Diesel do nicely
This is a small, expensive diesel estate. Actually, it’s a small, Alpina estate; a rare-groove manufacturer with quite the following. The last generation of Alpina D3 (the ‘F30/F31’ BMW 3-Series) sold... 373 cars in the UK. What you might affectionately term ‘it’s still moving on my plate’ rare.
This D3 S is based upon the quietly magnificent M340d Touring xDrive, so you might question the logic behind spending more for essentially the same thing, because it’s not exactly spitting out loads more power. Alpina’s tweaks to BMW’s 3.0-litre diesel amount to a ‘high performance’ cooling system, liberating 350bhp (vs 335bhp in the M340d). Torque is up too: 538lb ft in the D3 S, vs 516lb ft in the M340d.

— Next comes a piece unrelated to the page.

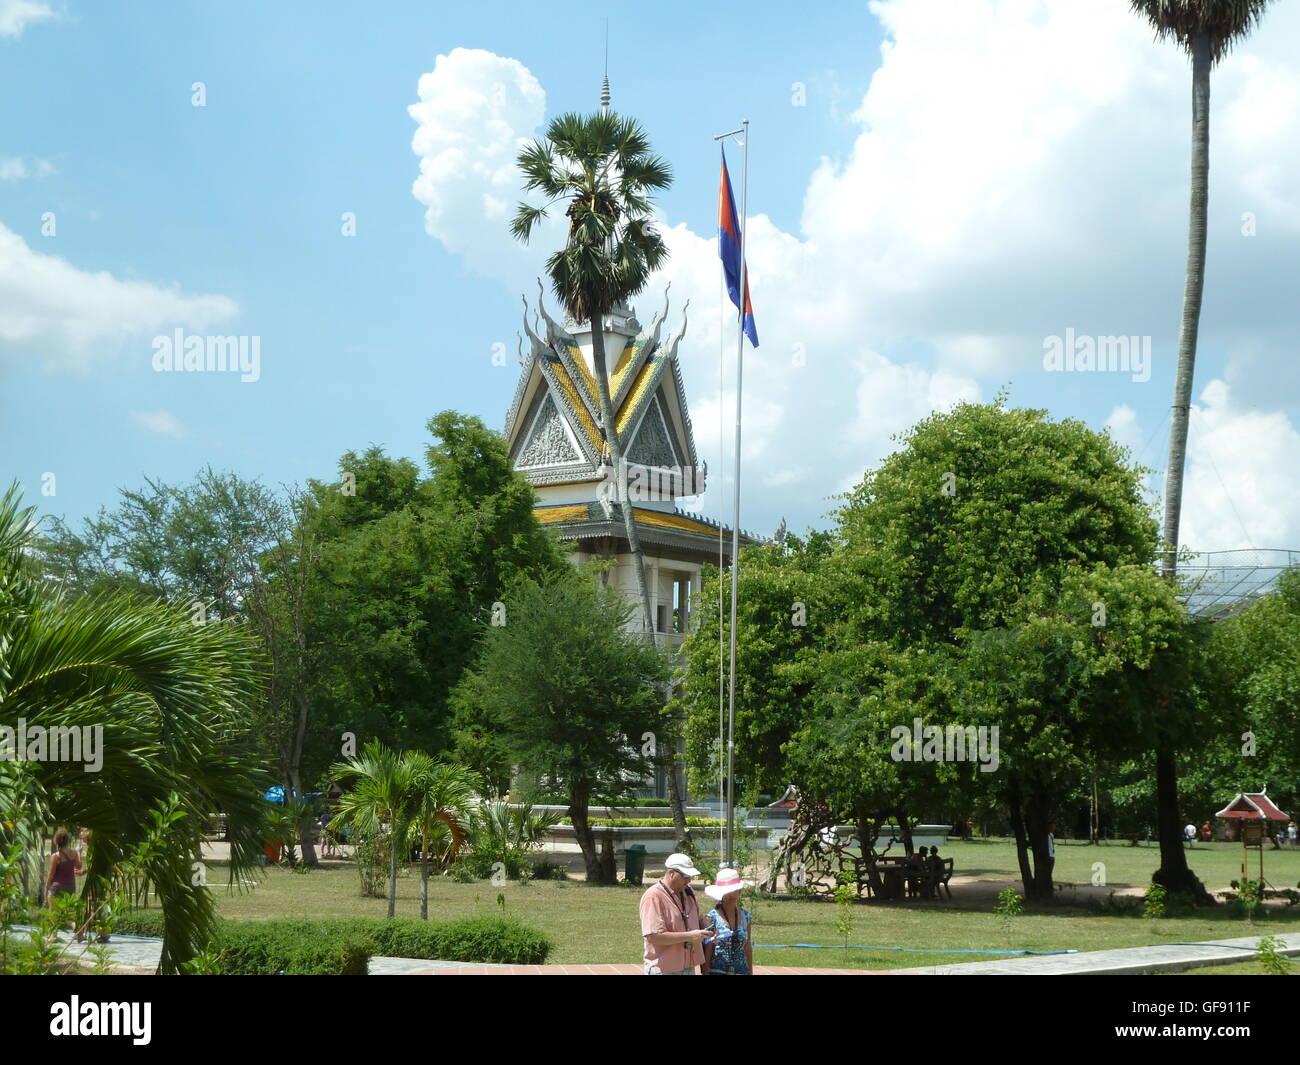 Cambodia, travellers Cambodia, places to visit in Cambodia - Stock Image

The suspension set-up is carried over wholesale from the faster, harder-charging petrol-powered B3 (a car with 450bhp and a proper M Division engine), and there’s new gearbox software to work with the tweaked diesel sixer, a new Comfort+ mode – said to offer near ‘imperceptible’ gearshifts – and a revised torque split for the 4WD system that’s more rear-biased.
Small but significant changes that add up to make… a wonderful car. It feels reassuringly hefty with a sense of quality oozing through all the touchpoints. There’s a lovely balance to the steering that gives it accuracy without feeling buzzy. The ride is expertly judged, too: Comfort+ allows the D3 to breathe a little easier over tougher surfaces without sacrificing the BMW’s inherent handling traits. You could do thousands of miles in this thing without flinching. You’d probably need a pee at some point, mind.
In Sport+ mode it moves and turns with a surprising amount of grace; surprising when you consider this D3 S weighs 2,010kg. And though you’d have to be a walking algorithm to notice the power hike between this and the ‘regular’ M340d, it’s still a mighty unit. The delivery is seamless, akin to a nat-asp car. Aim at horizon, squirt, arrive, boom.
Yes, Alpina doesn’t sell many – Lambo did more sales in one year than the old D3 did in five. So it’s a small, expensive, cool diesel estate that’s rarer than a Lambo.